Именно эта вызывающая эротика и оскорбляла чувства Елены. Старые комедиантские семьи некогда очень заботились о том, чтобы власти не путали их со всяким сбродом, тоже кочевавшим по дорогам и наводившим страх на местных жителей. Принципалы трупп, состоявших преимущественно из членов одной семьи, возили с собой специальную книгу, где бургомистр или приматор города письменно подтверждал, что приезжие вели себя пристойно, мужчины не учиняли скандалов, а женщины не распутничали. Еще дед Умберто обладал подобным свидетельством чести и высокой нравственности. На протяжении многих десятилетий оно защищало семьи от посягательств мирских блюстителей порядка, заложив среди циркового люда традиции благонравия. Елена, родившаяся в условиях скитальческой жизни, была в этих вопросах ортодоксальнейшей провинциалкой.

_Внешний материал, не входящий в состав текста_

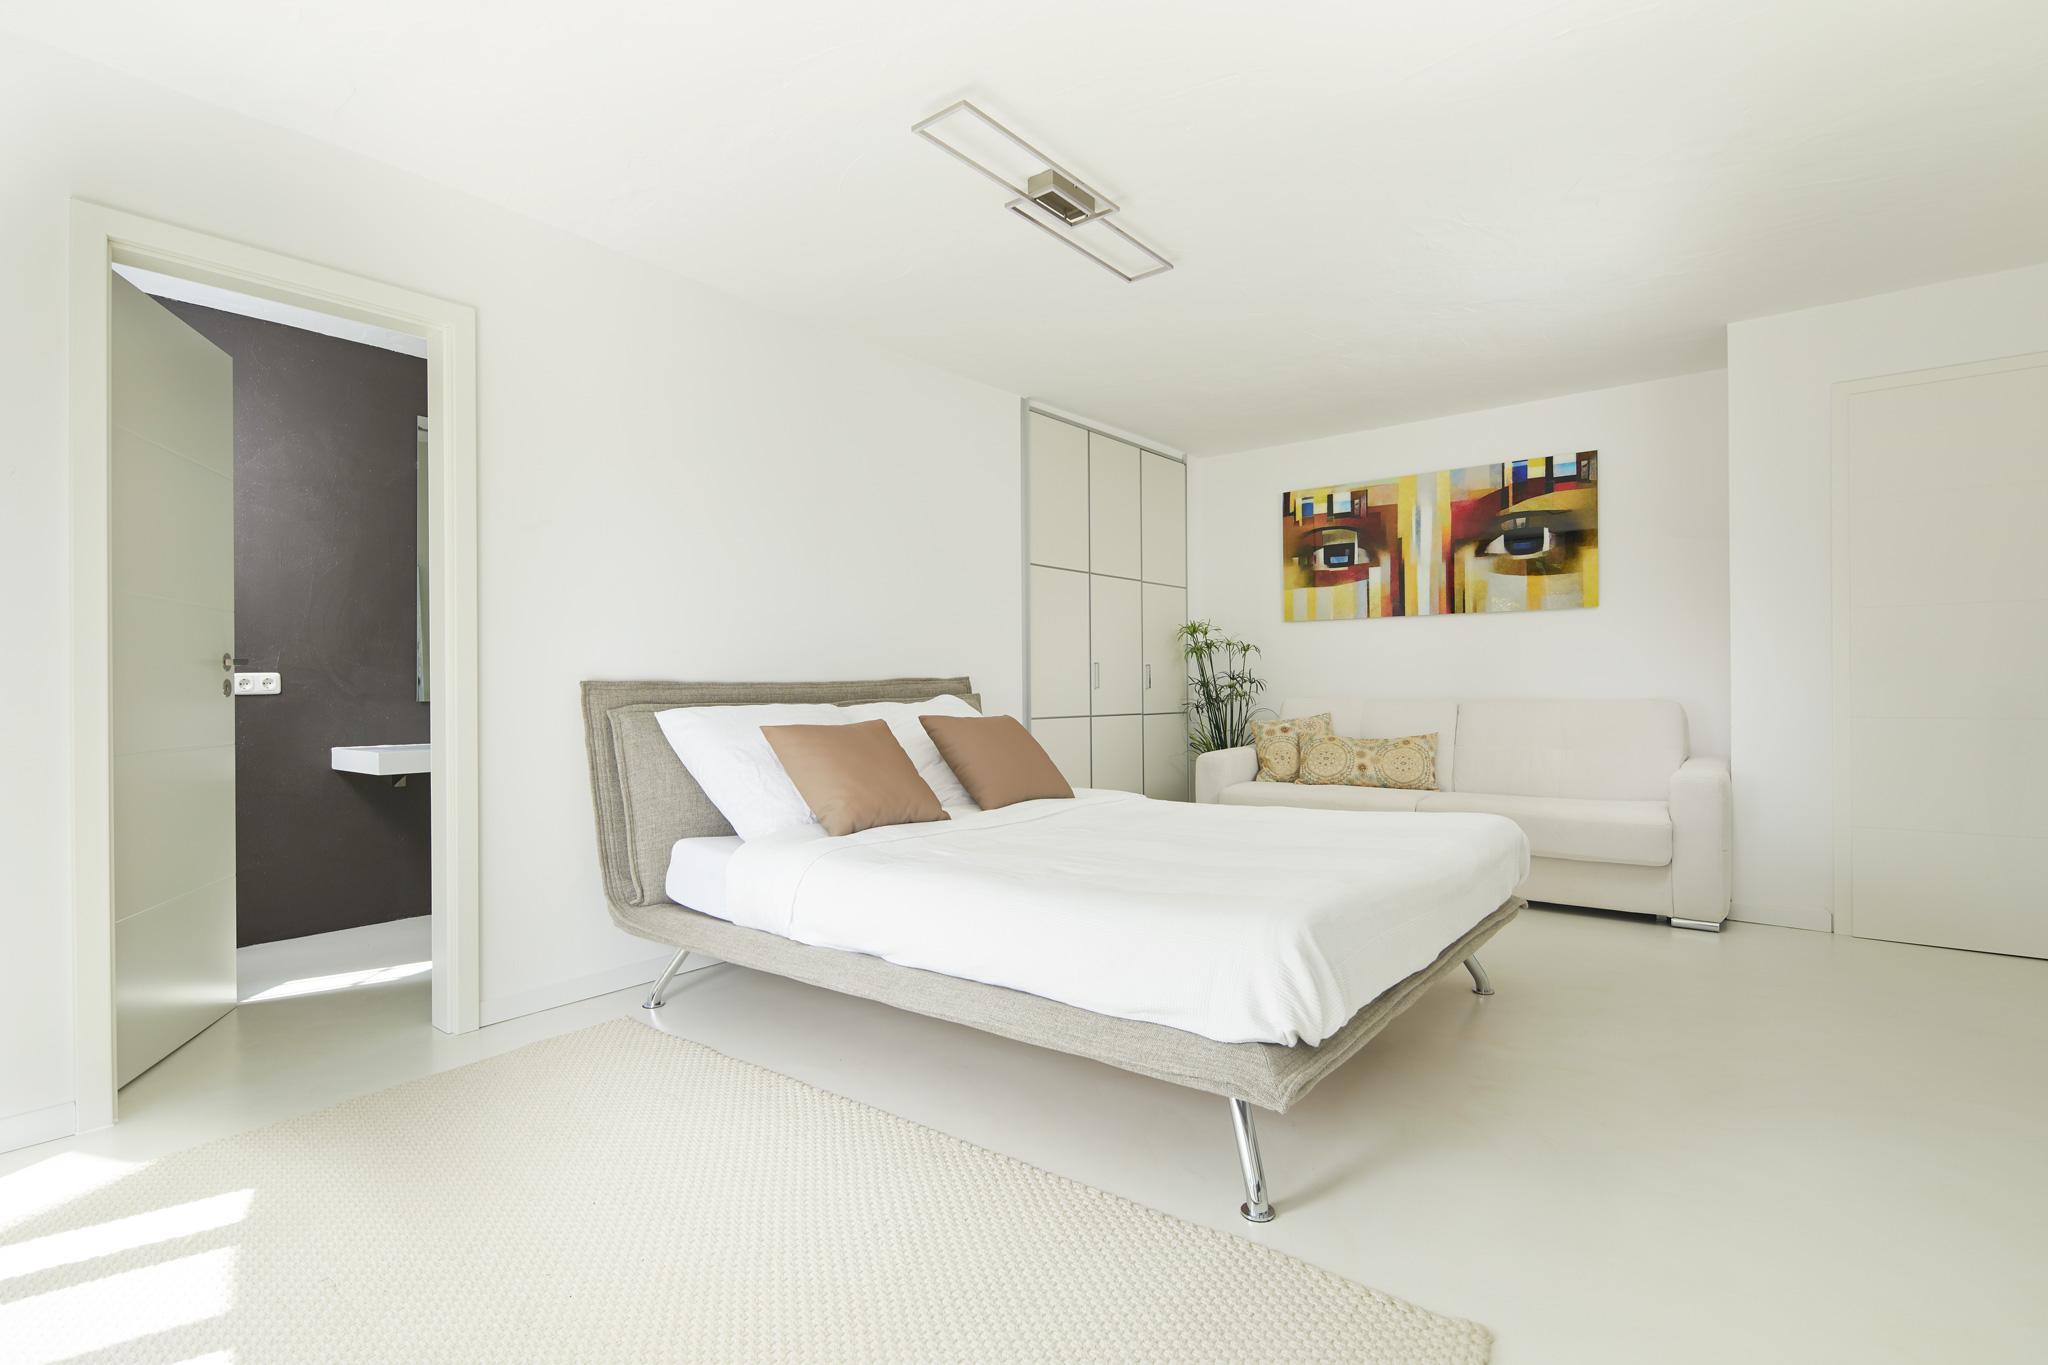 Bedroom_4.2.jpg

Она с отвращением думала о том, что ее муж, ее Вашку сам потворствует вызывающей фривольности. Когда она наблюдала во время репетиций, как старательно подбирает он задники и драпировку, давая то интимное, то ослепительно яркое освещение, ей становилось стыдно. Жизнь на сцене не может обойтись без известной товарищеской близости между мужчиной и женщиной. Елена привыкла к ней и считала ее естественной. Но когда она видела, как эти накрашенные и надушенные девки вертятся возле Вашека, берут его под руку, обнимают за шею и даже целуют, сердце ее сжималось от гнева и ревности.
Вначале репетиции доставляли ей величайшее наслаждение, гораздо большее, нежели сама премьера. Но вскоре она перестала бывать в театре. Эти девки выжили ее. Елена оставалась дома, в тоскливой квартире, окна которой застилал дым локомотивов и которая светлела для нее, только когда из гимназии прибегал Петер и засыпал мать вопросами, рассказывая о своих мальчишеских приключениях.
Карас сознавал всю опасность ее отшельничества. Сам он жил работой и знал, что Елена также привыкла к постоянному труду. На его вопросы о том, не скучает ли она, Елена отвечала: «Некогда скучать», и всякий раз ссылалась на домашние хлопоты. Но Вашек был уверен, что этого ей мало; разве может не тяготить отказ от всего, что любишь?